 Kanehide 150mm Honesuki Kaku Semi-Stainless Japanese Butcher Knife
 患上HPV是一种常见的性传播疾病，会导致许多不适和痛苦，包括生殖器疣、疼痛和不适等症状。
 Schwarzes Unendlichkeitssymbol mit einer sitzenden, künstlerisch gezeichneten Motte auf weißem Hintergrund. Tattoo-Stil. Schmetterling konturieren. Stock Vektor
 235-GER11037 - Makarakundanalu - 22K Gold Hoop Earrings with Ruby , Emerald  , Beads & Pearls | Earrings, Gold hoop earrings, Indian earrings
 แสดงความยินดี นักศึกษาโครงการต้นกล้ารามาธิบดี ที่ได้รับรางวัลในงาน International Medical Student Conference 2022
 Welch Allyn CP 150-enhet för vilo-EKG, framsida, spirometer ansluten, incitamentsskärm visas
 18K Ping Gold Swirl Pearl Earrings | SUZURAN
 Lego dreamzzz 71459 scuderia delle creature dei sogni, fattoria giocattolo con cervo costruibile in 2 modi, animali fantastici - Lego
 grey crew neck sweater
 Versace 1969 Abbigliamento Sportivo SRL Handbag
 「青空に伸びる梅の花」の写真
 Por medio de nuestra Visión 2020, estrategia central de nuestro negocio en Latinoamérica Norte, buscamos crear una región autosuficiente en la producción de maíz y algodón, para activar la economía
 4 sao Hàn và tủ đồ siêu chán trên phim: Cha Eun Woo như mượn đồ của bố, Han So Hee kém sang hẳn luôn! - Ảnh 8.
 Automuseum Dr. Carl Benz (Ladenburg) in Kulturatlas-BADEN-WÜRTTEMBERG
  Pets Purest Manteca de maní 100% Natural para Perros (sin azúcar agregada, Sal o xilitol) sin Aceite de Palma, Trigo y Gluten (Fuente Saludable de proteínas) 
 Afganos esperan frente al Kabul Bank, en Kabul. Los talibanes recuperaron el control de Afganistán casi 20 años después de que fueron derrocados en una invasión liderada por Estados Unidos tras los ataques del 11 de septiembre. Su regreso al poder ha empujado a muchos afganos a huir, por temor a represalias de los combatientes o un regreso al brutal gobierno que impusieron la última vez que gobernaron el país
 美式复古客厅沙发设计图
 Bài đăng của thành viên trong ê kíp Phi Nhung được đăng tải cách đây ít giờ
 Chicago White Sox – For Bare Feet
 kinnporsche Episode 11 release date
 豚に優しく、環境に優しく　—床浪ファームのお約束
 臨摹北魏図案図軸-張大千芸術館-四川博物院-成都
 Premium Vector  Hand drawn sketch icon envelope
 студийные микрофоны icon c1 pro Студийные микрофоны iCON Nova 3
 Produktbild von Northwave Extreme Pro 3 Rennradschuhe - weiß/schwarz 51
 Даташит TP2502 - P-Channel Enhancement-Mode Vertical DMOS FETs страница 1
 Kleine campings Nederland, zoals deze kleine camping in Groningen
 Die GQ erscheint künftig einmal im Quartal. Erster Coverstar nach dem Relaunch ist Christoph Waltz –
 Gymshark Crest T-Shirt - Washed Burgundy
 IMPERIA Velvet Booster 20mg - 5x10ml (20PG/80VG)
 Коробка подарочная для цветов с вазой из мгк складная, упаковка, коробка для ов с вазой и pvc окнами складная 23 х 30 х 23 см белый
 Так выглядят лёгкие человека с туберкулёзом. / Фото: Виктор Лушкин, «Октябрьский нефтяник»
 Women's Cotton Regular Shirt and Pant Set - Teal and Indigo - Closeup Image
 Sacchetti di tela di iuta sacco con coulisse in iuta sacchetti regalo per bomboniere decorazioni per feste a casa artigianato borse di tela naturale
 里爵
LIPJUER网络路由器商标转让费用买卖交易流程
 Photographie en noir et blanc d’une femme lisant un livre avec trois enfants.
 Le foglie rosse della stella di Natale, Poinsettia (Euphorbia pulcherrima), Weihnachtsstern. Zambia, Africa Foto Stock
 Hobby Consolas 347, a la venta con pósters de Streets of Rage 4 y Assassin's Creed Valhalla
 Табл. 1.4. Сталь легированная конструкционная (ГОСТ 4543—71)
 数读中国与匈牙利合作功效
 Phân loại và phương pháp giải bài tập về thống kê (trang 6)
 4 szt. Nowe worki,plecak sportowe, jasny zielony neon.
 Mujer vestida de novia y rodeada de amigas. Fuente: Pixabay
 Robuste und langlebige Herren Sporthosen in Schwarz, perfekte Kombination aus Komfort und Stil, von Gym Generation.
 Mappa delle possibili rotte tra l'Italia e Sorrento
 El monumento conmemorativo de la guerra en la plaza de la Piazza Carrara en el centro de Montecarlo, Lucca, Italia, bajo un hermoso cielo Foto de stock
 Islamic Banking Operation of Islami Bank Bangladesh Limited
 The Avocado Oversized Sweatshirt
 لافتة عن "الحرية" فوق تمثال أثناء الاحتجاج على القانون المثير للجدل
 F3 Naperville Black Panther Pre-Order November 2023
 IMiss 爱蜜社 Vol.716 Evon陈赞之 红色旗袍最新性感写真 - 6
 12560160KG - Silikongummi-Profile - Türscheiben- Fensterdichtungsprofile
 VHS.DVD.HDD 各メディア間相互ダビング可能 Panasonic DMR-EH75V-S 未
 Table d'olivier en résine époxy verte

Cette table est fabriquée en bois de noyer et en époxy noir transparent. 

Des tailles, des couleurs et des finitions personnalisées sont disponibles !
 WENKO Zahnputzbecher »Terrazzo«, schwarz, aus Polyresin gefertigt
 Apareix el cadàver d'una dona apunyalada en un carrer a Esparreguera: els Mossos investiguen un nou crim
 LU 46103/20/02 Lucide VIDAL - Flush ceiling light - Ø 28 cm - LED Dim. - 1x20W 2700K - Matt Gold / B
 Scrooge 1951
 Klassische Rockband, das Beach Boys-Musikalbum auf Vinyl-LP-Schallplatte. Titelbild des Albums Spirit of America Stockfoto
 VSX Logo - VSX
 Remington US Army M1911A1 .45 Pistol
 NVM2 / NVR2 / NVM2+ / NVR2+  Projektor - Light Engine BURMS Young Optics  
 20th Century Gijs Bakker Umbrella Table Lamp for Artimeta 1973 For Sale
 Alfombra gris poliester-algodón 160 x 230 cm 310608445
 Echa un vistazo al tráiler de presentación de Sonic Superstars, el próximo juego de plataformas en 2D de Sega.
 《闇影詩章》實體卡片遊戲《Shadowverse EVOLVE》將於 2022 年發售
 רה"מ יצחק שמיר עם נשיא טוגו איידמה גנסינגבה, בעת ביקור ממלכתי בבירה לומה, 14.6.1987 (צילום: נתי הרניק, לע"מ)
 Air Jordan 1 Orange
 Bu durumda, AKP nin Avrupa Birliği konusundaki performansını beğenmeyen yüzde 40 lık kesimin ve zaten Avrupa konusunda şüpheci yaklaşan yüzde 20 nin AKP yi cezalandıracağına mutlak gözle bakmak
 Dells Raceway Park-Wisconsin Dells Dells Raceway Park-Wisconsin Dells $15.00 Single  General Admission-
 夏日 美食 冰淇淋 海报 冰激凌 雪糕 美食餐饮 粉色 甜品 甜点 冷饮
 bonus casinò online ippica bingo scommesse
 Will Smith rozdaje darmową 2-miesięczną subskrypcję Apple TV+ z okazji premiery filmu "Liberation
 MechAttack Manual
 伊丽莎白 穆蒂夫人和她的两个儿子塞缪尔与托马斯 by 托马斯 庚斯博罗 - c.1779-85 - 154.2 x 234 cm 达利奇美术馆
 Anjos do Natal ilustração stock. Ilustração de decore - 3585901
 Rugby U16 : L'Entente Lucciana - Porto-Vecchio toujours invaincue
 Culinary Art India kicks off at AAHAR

Exercise:
Considering only the material above, set down every line from the one with "Phân loại và" to the one with "Des tailles, des", inclusive, exactly as written.

Solved exercise:
 Phân loại và phương pháp giải bài tập về thống kê (trang 6)
 4 szt. Nowe worki,plecak sportowe, jasny zielony neon.
 Mujer vestida de novia y rodeada de amigas. Fuente: Pixabay
 Robuste und langlebige Herren Sporthosen in Schwarz, perfekte Kombination aus Komfort und Stil, von Gym Generation.
 Mappa delle possibili rotte tra l'Italia e Sorrento
 El monumento conmemorativo de la guerra en la plaza de la Piazza Carrara en el centro de Montecarlo, Lucca, Italia, bajo un hermoso cielo Foto de stock
 Islamic Banking Operation of Islami Bank Bangladesh Limited
 The Avocado Oversized Sweatshirt
 لافتة عن "الحرية" فوق تمثال أثناء الاحتجاج على القانون المثير للجدل
 F3 Naperville Black Panther Pre-Order November 2023
 IMiss 爱蜜社 Vol.716 Evon陈赞之 红色旗袍最新性感写真 - 6
 12560160KG - Silikongummi-Profile - Türscheiben- Fensterdichtungsprofile
 VHS.DVD.HDD 各メディア間相互ダビング可能 Panasonic DMR-EH75V-S 未
 Table d'olivier en résine époxy verte

Cette table est fabriquée en bois de noyer et en époxy noir transparent. 

Des tailles, des couleurs et des finitions personnalisées sont disponibles !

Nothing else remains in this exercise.